Мне пришлось выйти из стоявшей поодаль группы наблюдающих.

— Ближе, ближе, мое сокровище, — неожиданно сказала императрица. — А какая красавица! Сколько лет вам, милое дитя?

Я присела в книксене.

— Девятнадцать, ваше величество.

— Восхитительно! Мадемуазель скульптор! Первый раз встречаю. Очень рада видеть вас в Петербурге. Не хотите ли принять заказы от меня? Расплачусь по-царски.

— Я была бы счастлива, ваше величество.

— Для начала пусть это будут медальоны с профилями цесаревича Павла, графа Орлова и моим. А потом посмотрим. — И позволила приложиться к своей руке. От ее перчатки пахло дорогими духами.

Неуемный Бецкой влез и тут:

— Я прошу прощения, но какие распоряжения будут относительно скульптуры вашего величества?

Даже не взглянув на него, самодержица фыркнула:

— Да какие ж могут быть распоряжения? Никаких. Я пока еще жива и не слишком много сделала для России, чтобы мне ставить памятник. Успокойтесь, Иван Иваныч. Я подозреваю, что мсье Фальконе вылепил меня вследствие приказа вашего. Знаю вас, старый вы угодник! Речь идет только о Петре, слышите? — обернулась к мэтру: — Каковы ваши следующие действия, мсье? И нужна ли помощь?

Фальконет ответил:

— После одобрения вашим величество малой модели я немедленно приступаю к воплощению памятника в идентичных размерах, по которому и пойдет отливка. Кстати, можно уже понемногу начинать строить мастерскую по литью. И, конечно, дело за камнем для постамента.

Государыня кивнула:

— Хорошо. Ты, Иван Иваныч, запомнил ли? Лучше запиши. На тебе ответственность за обеспечение мастера всем необходимым, и с тебя спрошу.

А прощаясь, Екатерина разрешила мэтру в случае необходимости направлять письма непосредственно к ней, без посредников, и сказала, как это делать через камер-фурьеров. Вслед за государыней потянулись к выходу все вельможи с дамами. Проводив гостей, мы с Фонтеном и шефом обнялись по-дружески. Александр воскликнул:

— Поздравляю вас: вы, мсье Этьен, на вершине славы!

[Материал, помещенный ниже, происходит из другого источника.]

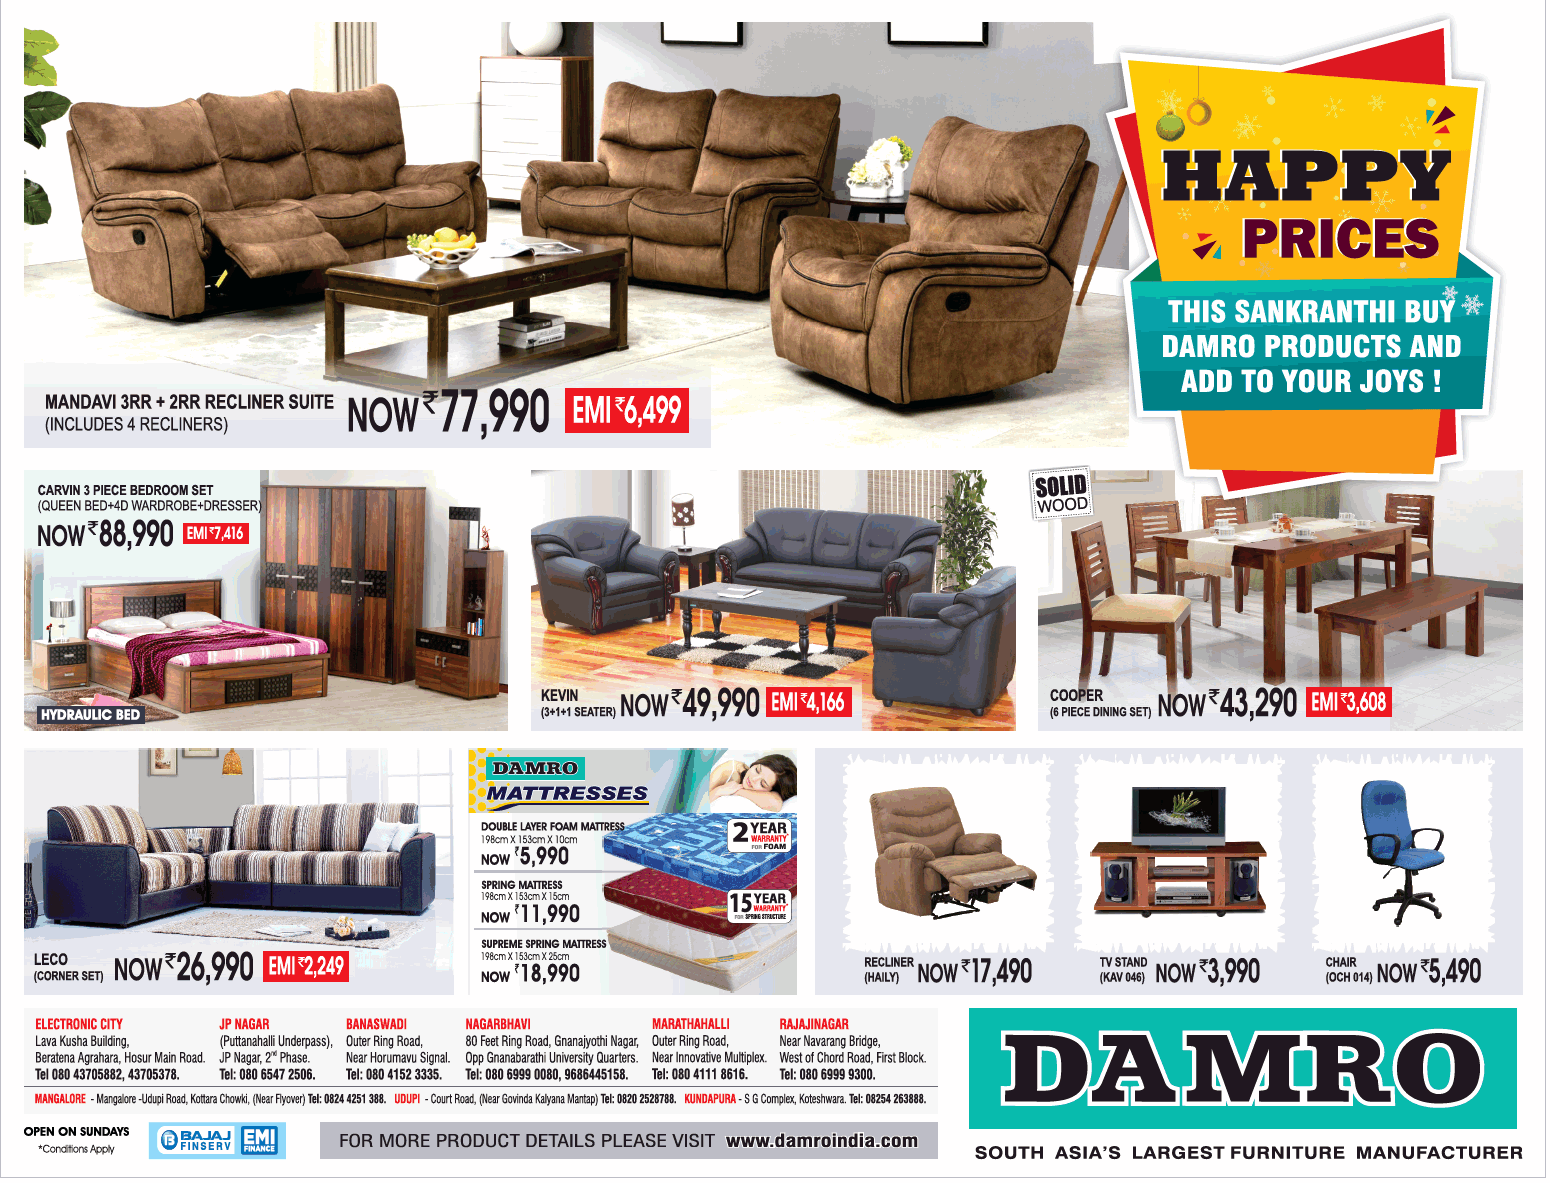 damro furniture mattress prices

— Погодите, не торопите событий: на вершину славы мы взберемся после того, как Петр поскачет по Сенатской площади.

— При такой-то поддержке — это дело времени.

Я поддакнула:

— Нам Бецкой боле не указ. Если что — вы напишете прямо императрице. А когда я выполню заказ с медальонами — снова с ней увидимся.

Мэтр согласился:

— Да, да! Будем уповать! — И перекрестился.

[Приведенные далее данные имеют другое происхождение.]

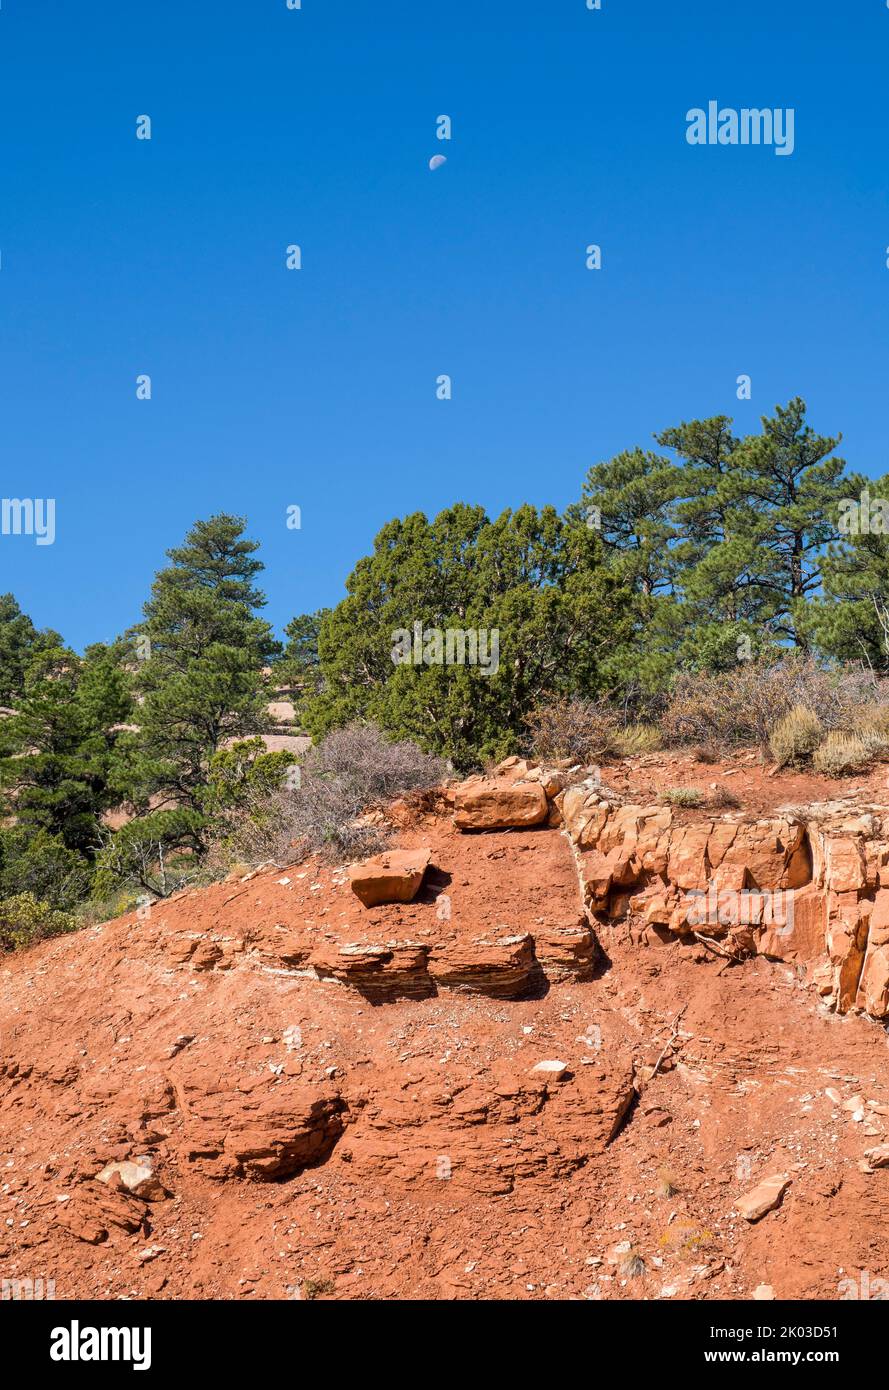 El Parque Nacional Zion está ubicado en el suroeste de Utah en la frontera con Arizona. Tiene una superficie de 579 kö² y se encuentra entre 1128 m y 2660 m de altitud. Roca y bosque en la ruta La Verkin Creek Trail. Foto de stock

Мы еще не знали, что российский двор унаследовал от Византии вместе с религией и дворцовые интриги. А Бецкой из ревности был готов на многое.

4

В мае Александр неожиданно объявил, что намерен жениться. Фальконе и я не поверили своим ушам. Что? Откуда?

— Вы простите, конечно, — произнес мэтр, — только мне казалось, сердце ваше безраздельно принадлежит мадемуазель Мари.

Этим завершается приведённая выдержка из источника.